Problem to solve:
What is needed is an exact transcription of the listing, with the images removed.

Material provided:

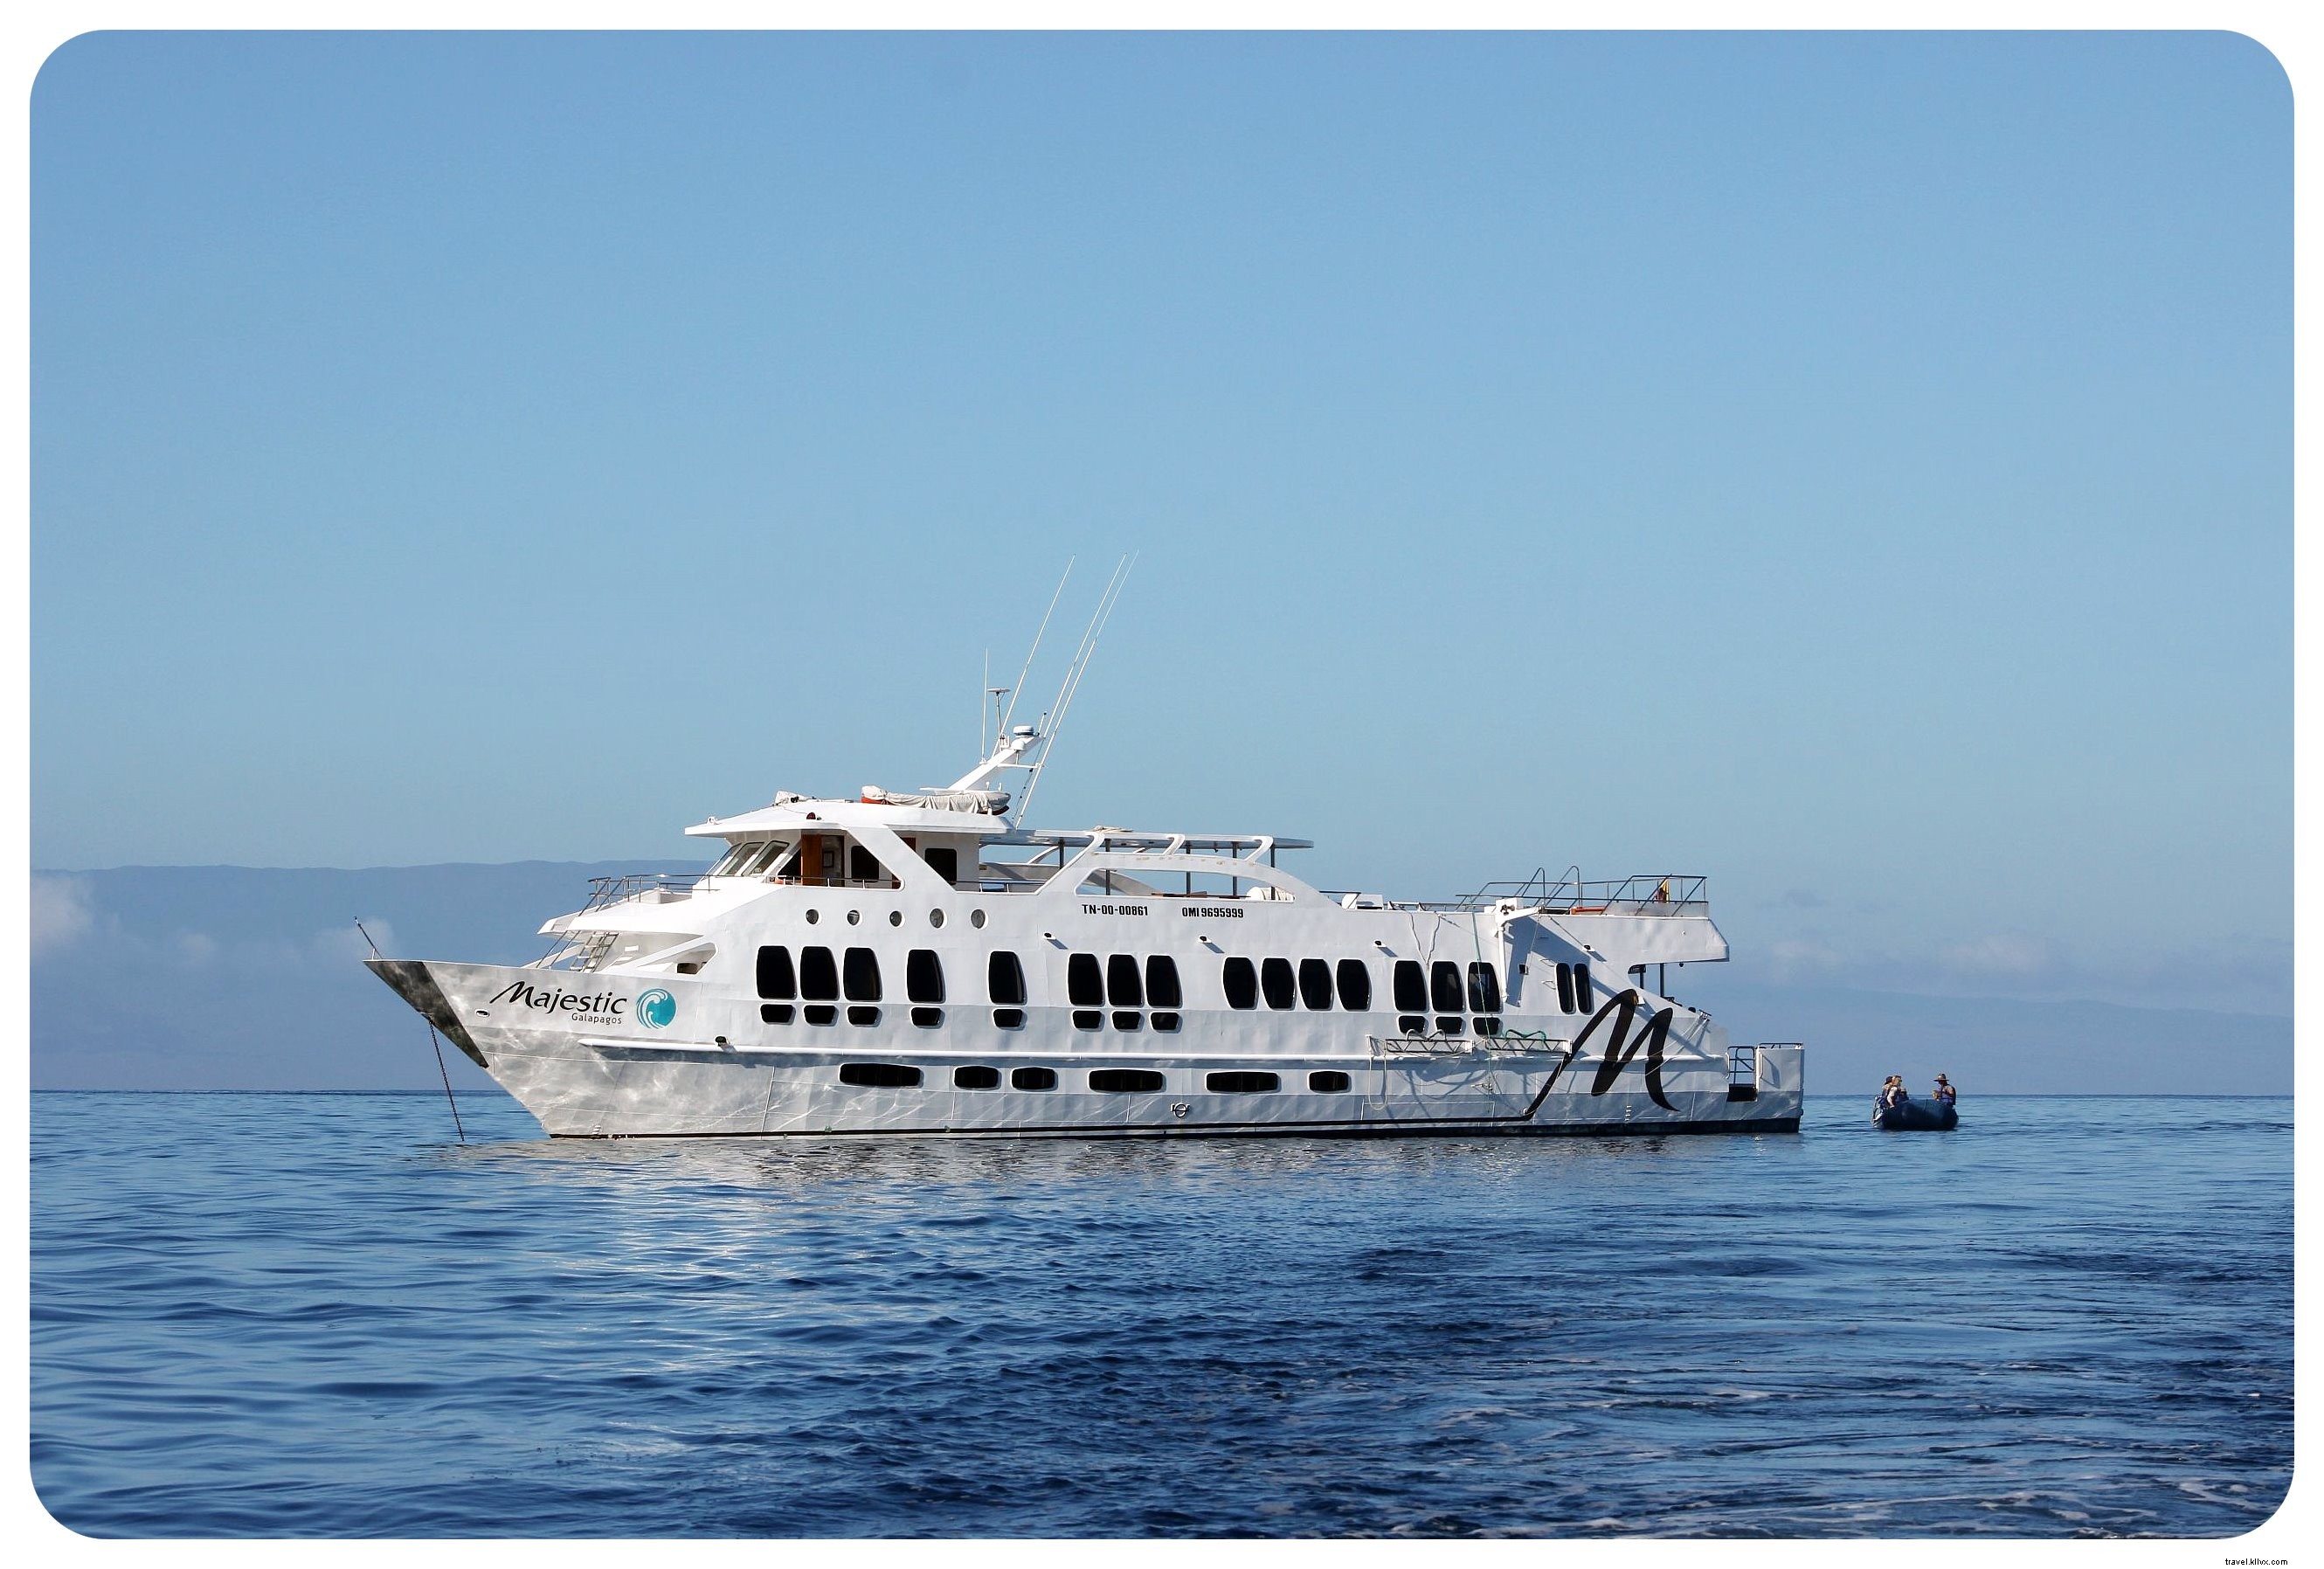 Meu cruzeiro pelas Ilhas Galápagos:Um sonho de viagem que se torna realidade
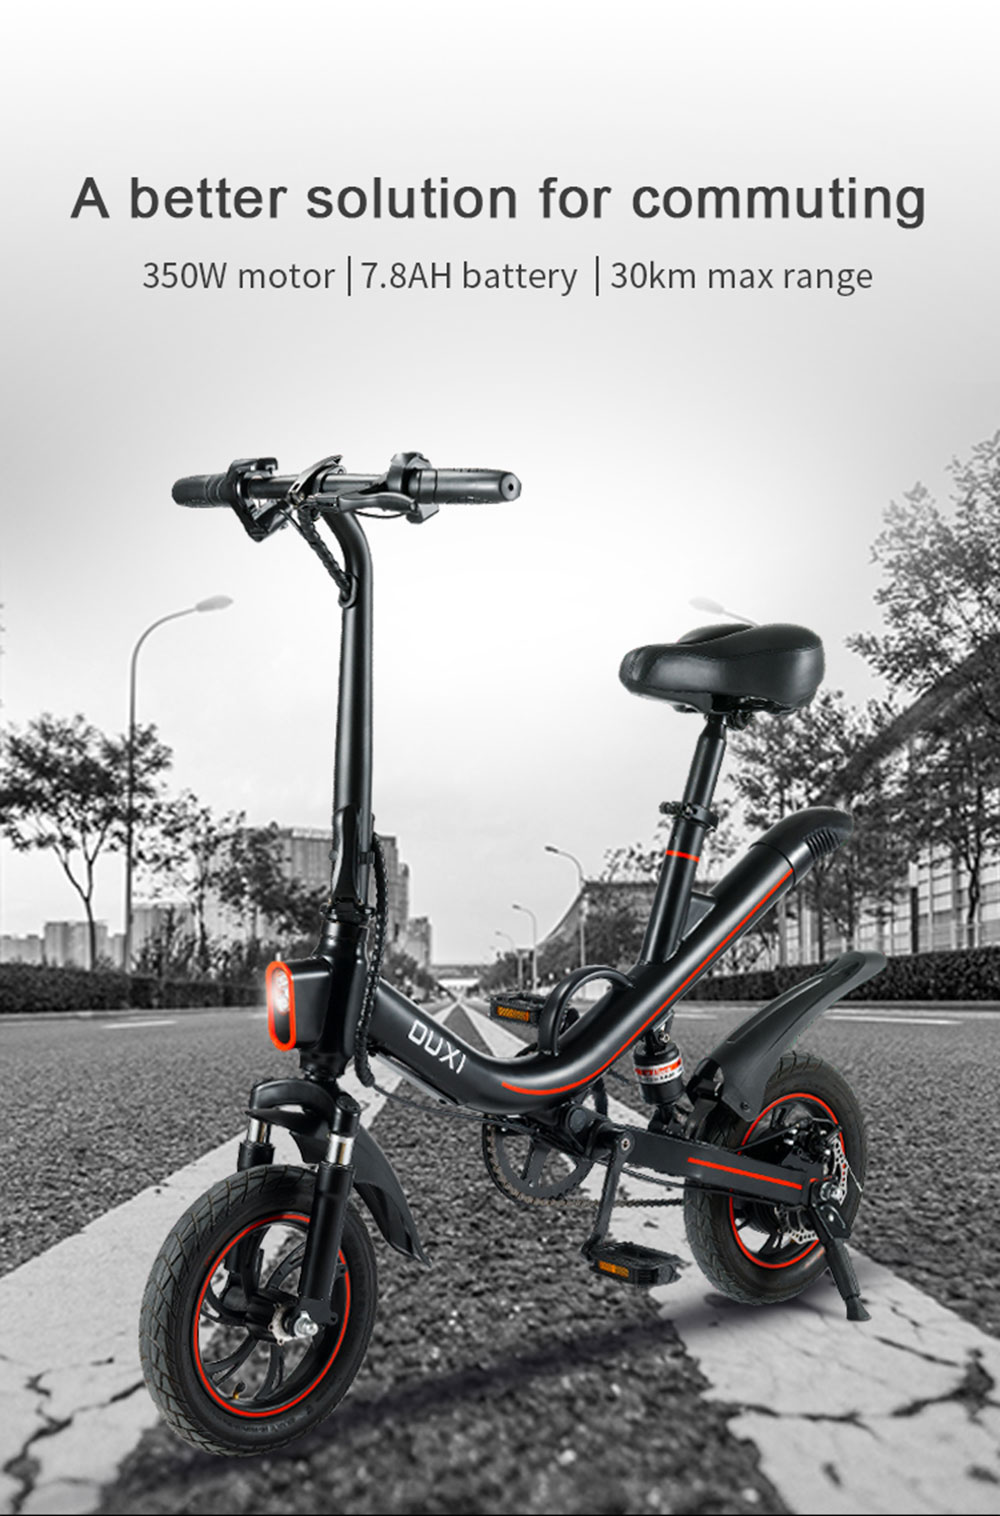 https://img.gkbcdn.com/s3/d/202206/OUXI-V1-Electric-Bike-350W-Motor-36V-7-8Ah-Battery-Black-507191-0.jpg
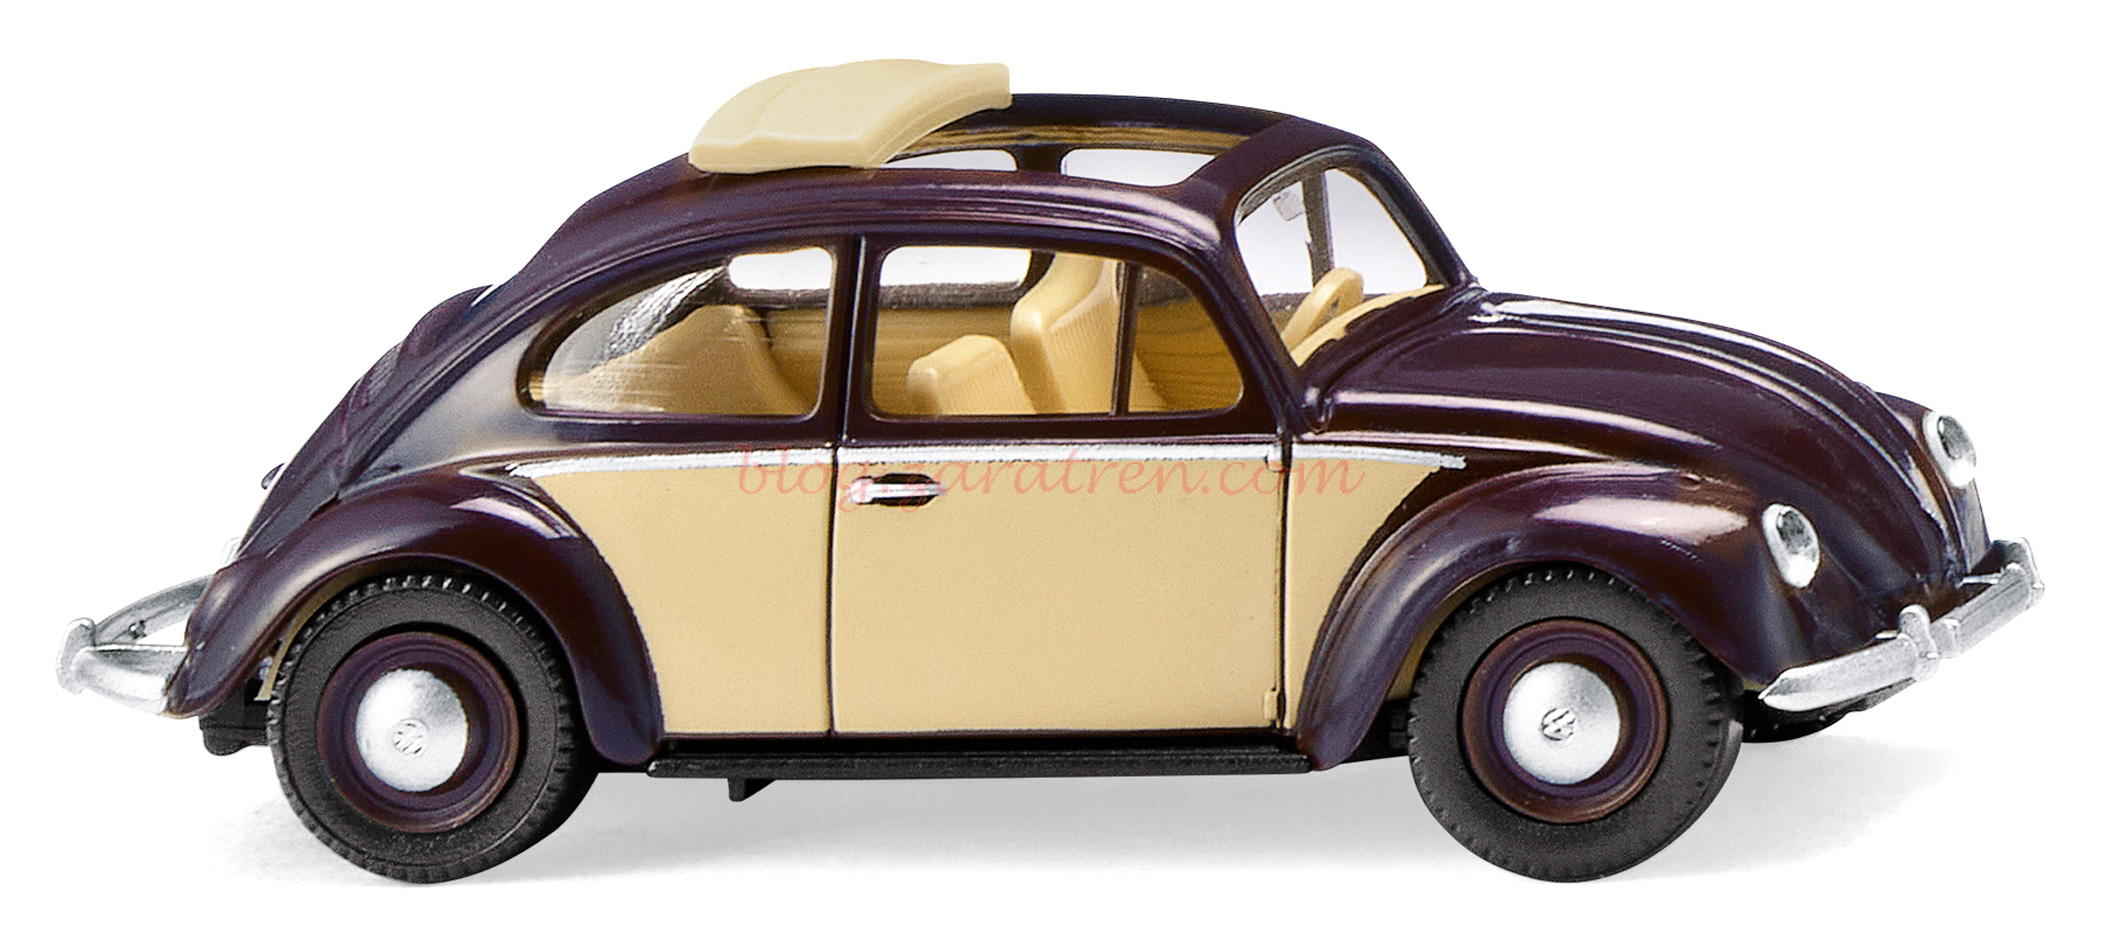 Wiking – VW Escarabajo 1200 con techo plegable, Color Crema y granate, Escala H0, Ref: 079433

Exercise output:
 Meu cruzeiro pelas Ilhas Galápagos:Um sonho de viagem que se torna realidade
 https://img.gkbcdn.com/s3/d/202206/OUXI-V1-Electric-Bike-350W-Motor-36V-7-8Ah-Battery-Black-507191-0.jpg
 Wiking – VW Escarabajo 1200 con techo plegable, Color Crema y granate, Escala H0, Ref: 079433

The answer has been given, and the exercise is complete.